Nothing but the lines from the one that holds "FT_RANKINGS_2024_RGB__MASTERS_IN_FINANCE_RGB.png" through the end of the material should be repeated, each exactly as it stands, and pictures stay out.

§ Given material:
=== Section Start ===
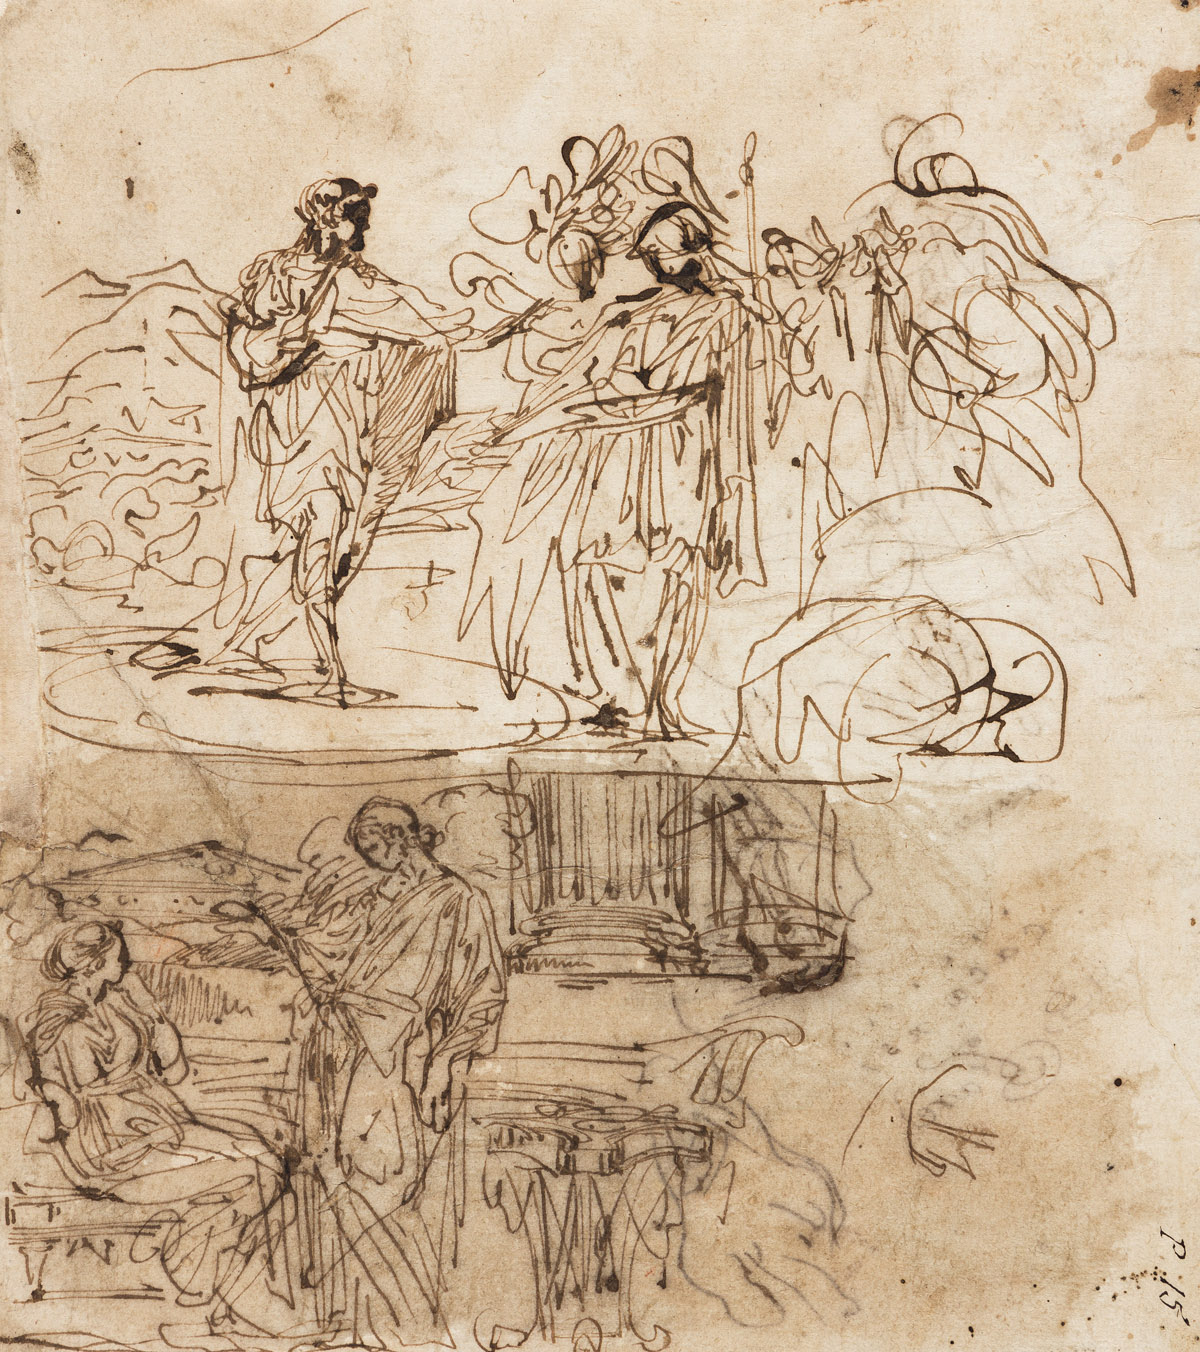 PIER FRANCESCO MOLA (Coldrerio 1612-1666 Rome) Sheet of Studies with Scenes from Antiquity.
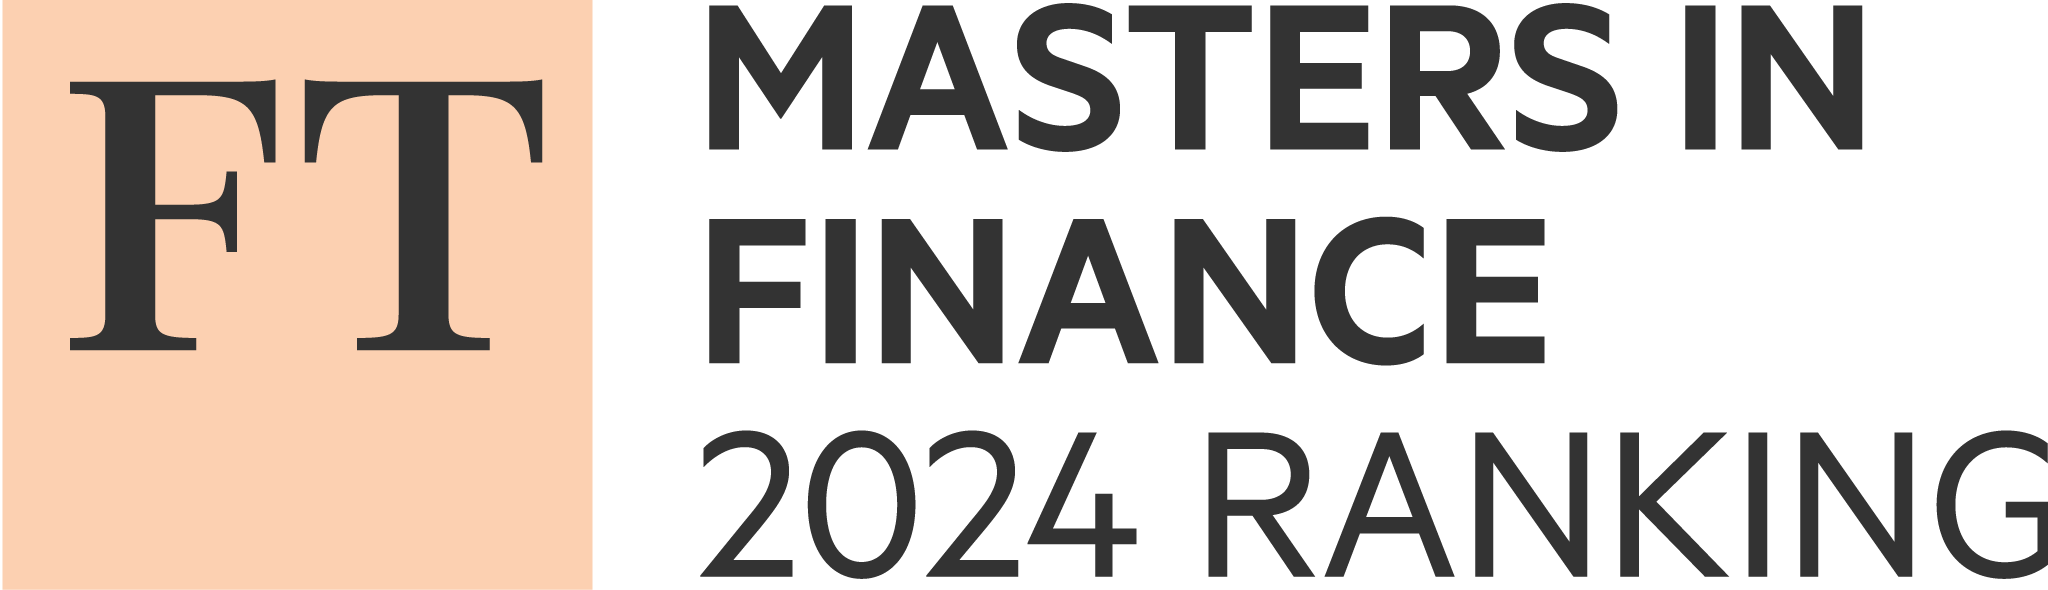 FT_RANKINGS_2024_RGB__MASTERS_IN_FINANCE_RGB.png
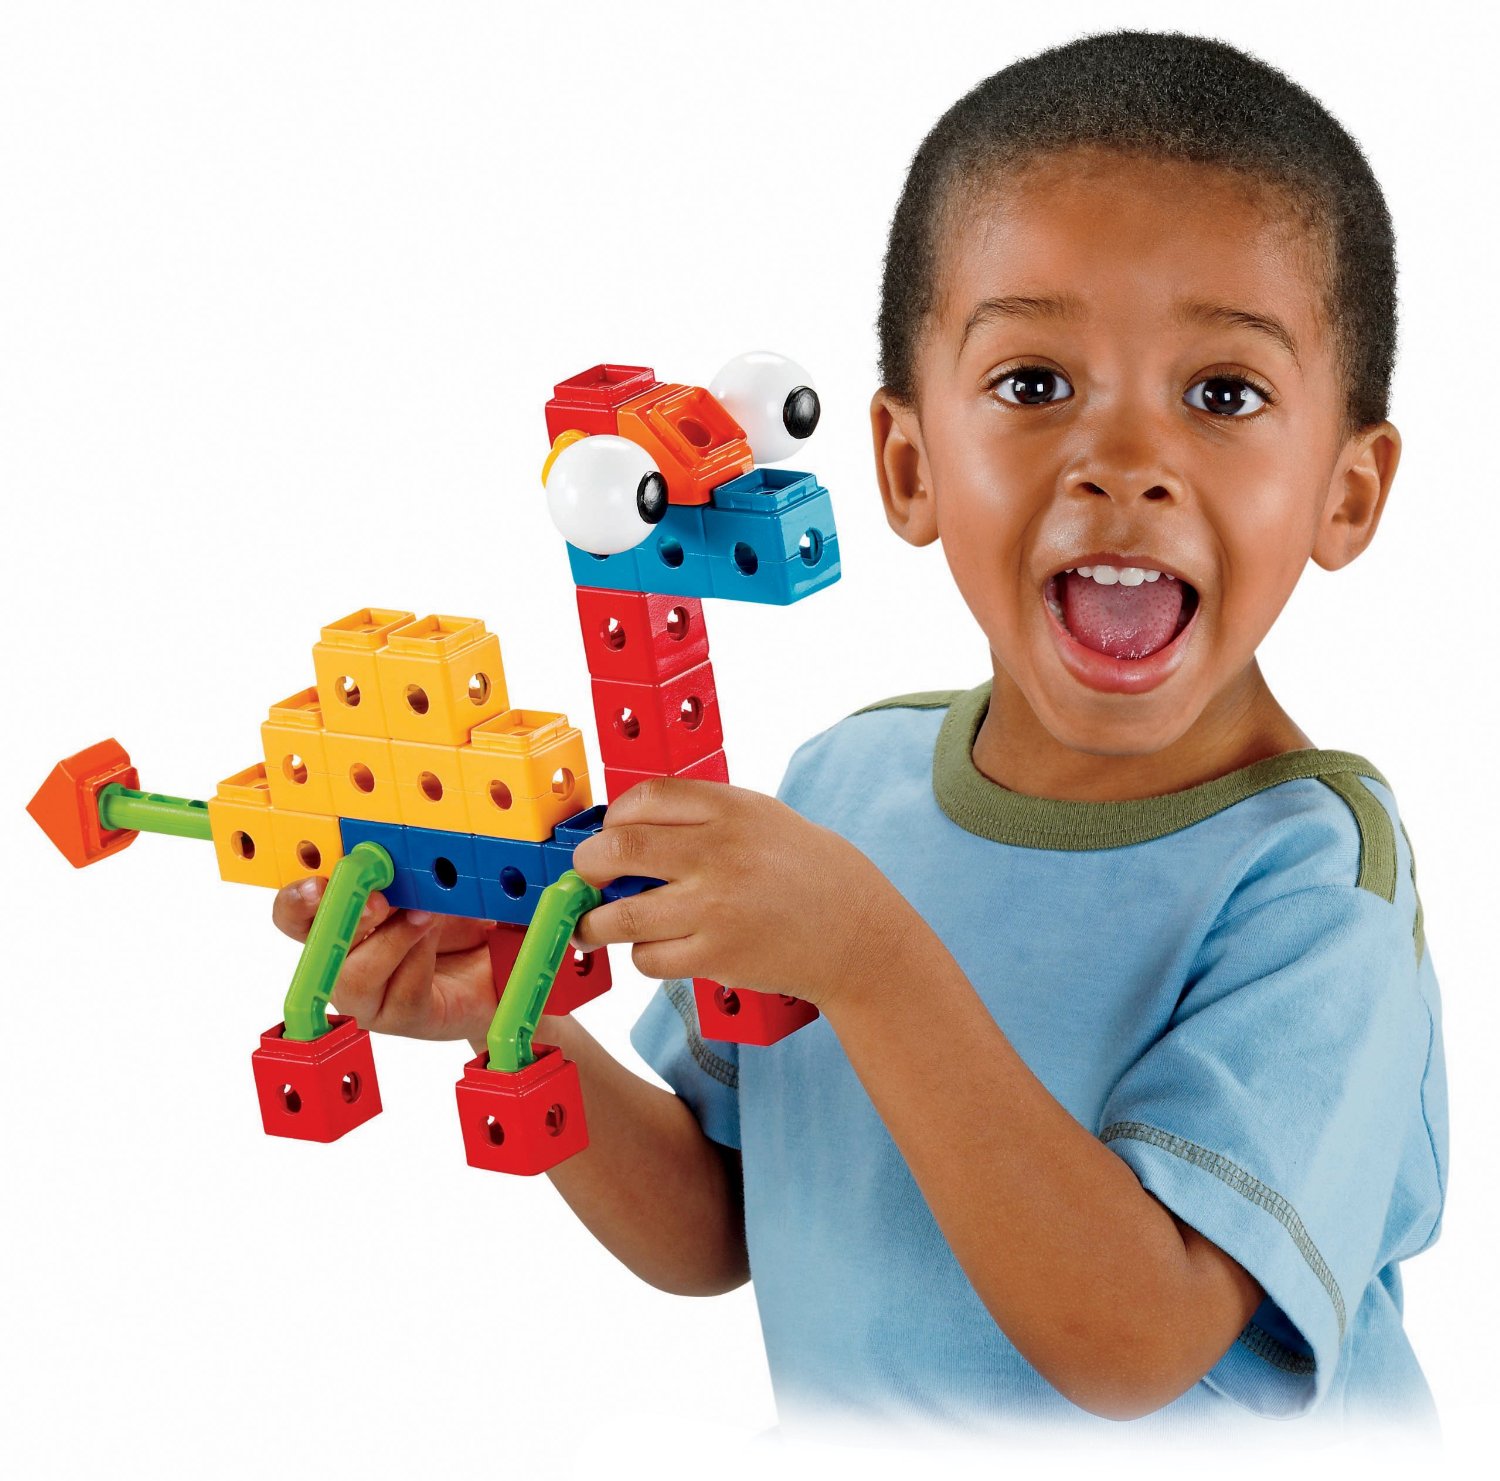 What toy models a construction principle
=== Section End ===
§ Result of the exercise:
 FT_RANKINGS_2024_RGB__MASTERS_IN_FINANCE_RGB.png
 What toy models a construction principle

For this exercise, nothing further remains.